Data flow: message to response

  1. Inbound webhook arrives at /api/webhooks/plugins/[type]/[instanceId].
  2. Plugin handler parses the webhook, extracts a work item, and checks idempotency.
  3. Work item is created in the database with status pending.
  4. Queue dispatch claims the work item and assigns it to a run.
  5. Agent runtime builds the system prompt, enters the inference loop, and executes tool calls.
  6. Effect outbox picks up the agent's response and delivers it back through the plugin handler's postResponse() method.
  7. Receipts are recorded at every step: work item creation, run dispatch, inference calls, tool executions, response delivery.

Design philosophy

Receipts not vibes

Every action the system takes produces an inspectable record. Work item timelines show exactly what happened, when, and at what cost. If something looks wrong, you can trace the full chain from inbound webhook to delivered response.

Plugin model

Nitejar ships as a standalone application. Plugins extend it without forking. A plugin is a package with a manifest (nitejar-plugin.json) and an entry point that exports a handler.
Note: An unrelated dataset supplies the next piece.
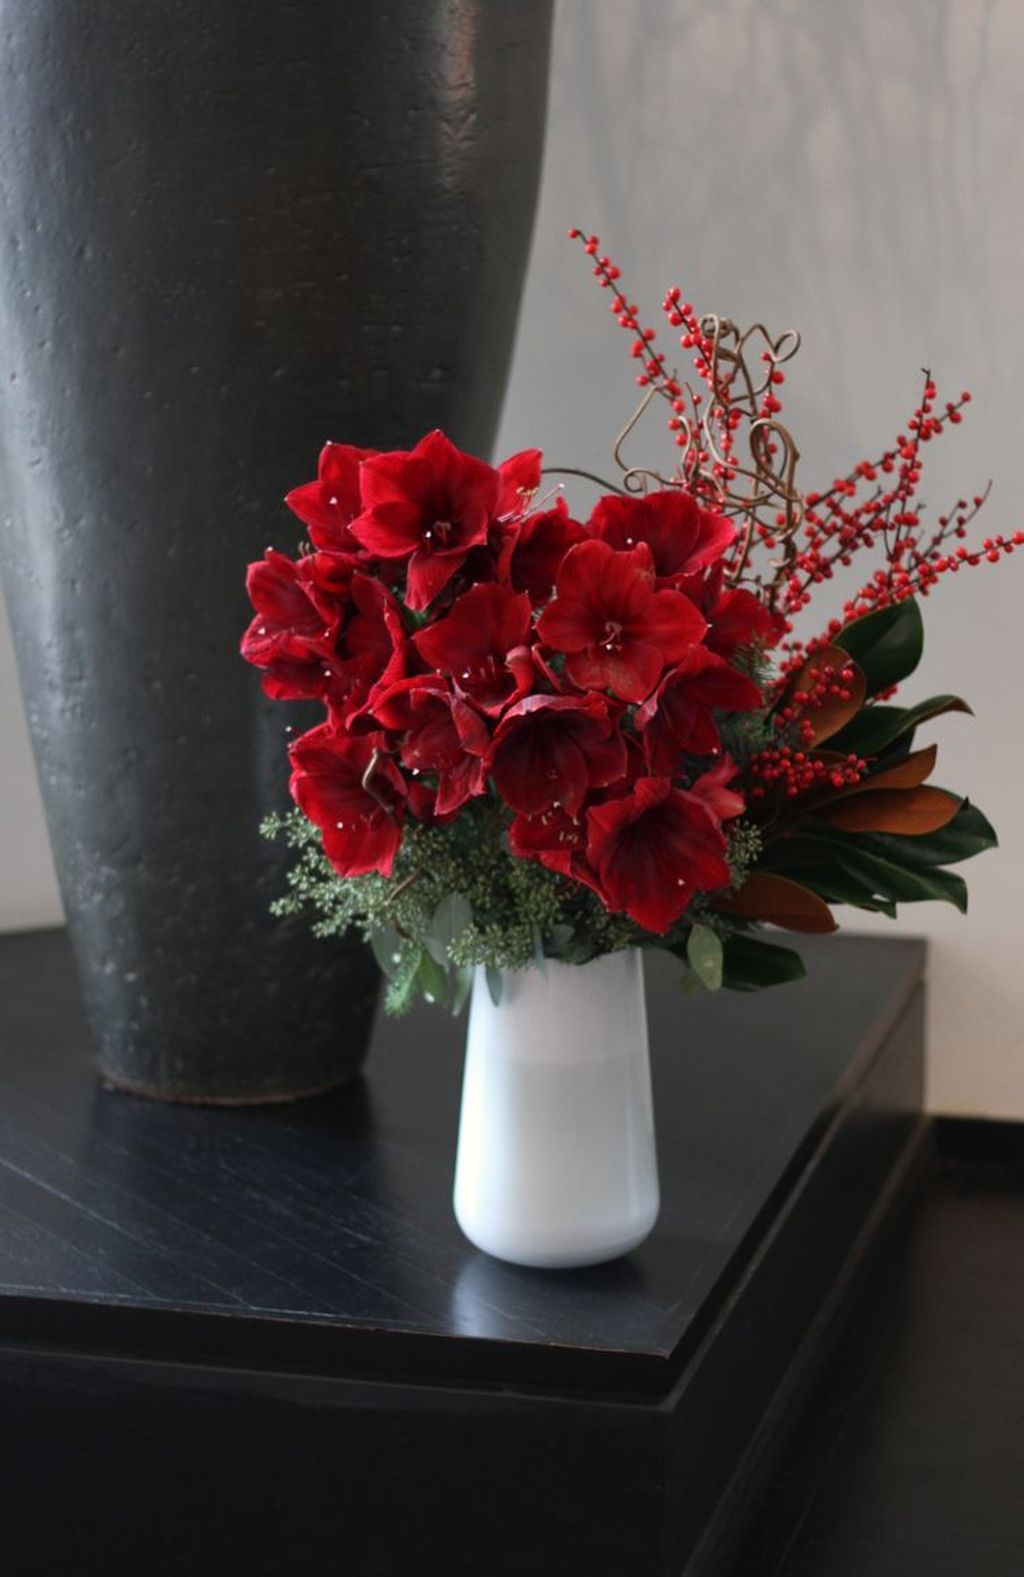 34 Amazing Unique Flower Arrangements Ideas For Your Home ...
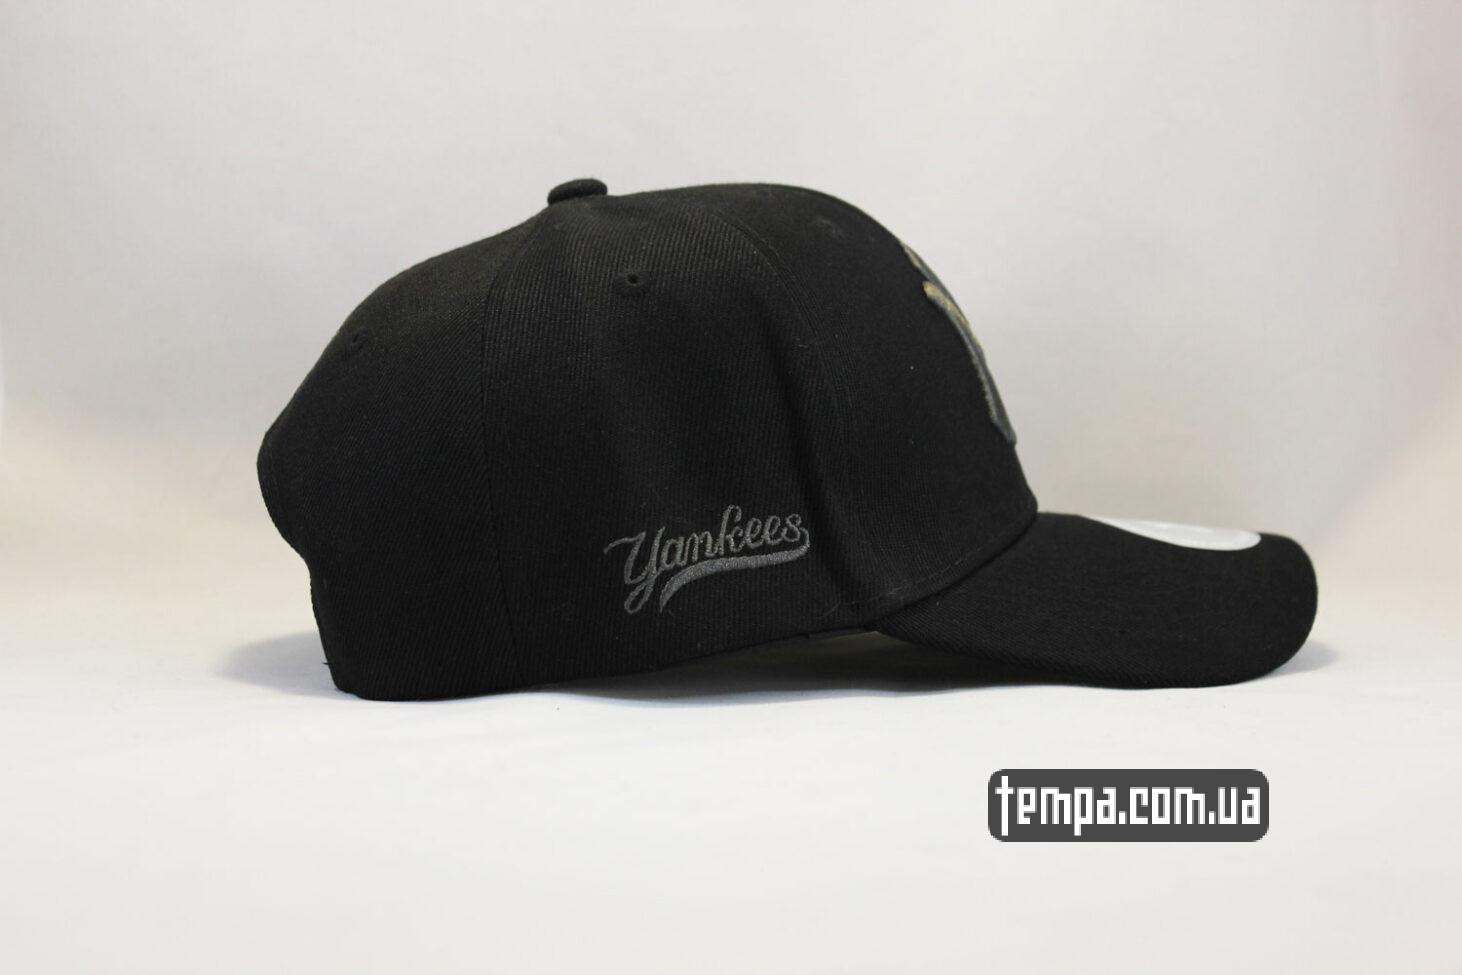 янкис чисто черная кепка бейсболка yankees NEW ERA New York черная с черным логотипом

Plugins run in-process in the current release — there is no hard sandbox isolation for plugin code. Permission grants exist for governance and audit, but enforcement is limited to host-managed API boundaries.

Skills vs plugins vs memories

PrimitiveWhat it addsWho runs it
PluginFunctionality: tools, webhooks, integrationsHost process
SkillIntelligence: knowledge, workflows, scriptsAgent (reads from sandbox)
MemoryExperience: learned facts, session contextAgent (creates/updates)

Plugins connect to external services. Skills teach agents how to do things. Memories are ephemeral learned state. They compose but do not overlap.

Runtime reliability

The runtime uses two durable ledgers:

  • Compute ledger (run_dispatches) — Tracks run claim/execution state per queue lane.
  • Effect ledger (effect_outbox) — Tracks external side-effect delivery state.

On startup, the system recovers stale state: abandoned dispatches are marked for replay, unknown effect outcomes are held for manual release. Queue messages and lane state survive restarts. This means you can stop and restart Nitejar without losing in-flight work.

There is no separate worker deployment to keep in sync. For the current architecture, one Nitejar app process boots the UI, API routes, and background workers together.

Database

SQLite is the default for local development. Postgres is supported for production deployments. The database stores everything: agent configs, work items, run traces, plugin manifests, skill content, credentials (encrypted), memories, and queue state.

For local development, the database file lives at packages/database/data/nitejar.db. Configuration data (agents, plugins, teams) should be preserved across resets. Transactional data (jobs, messages, work items) can be wiped freely during development.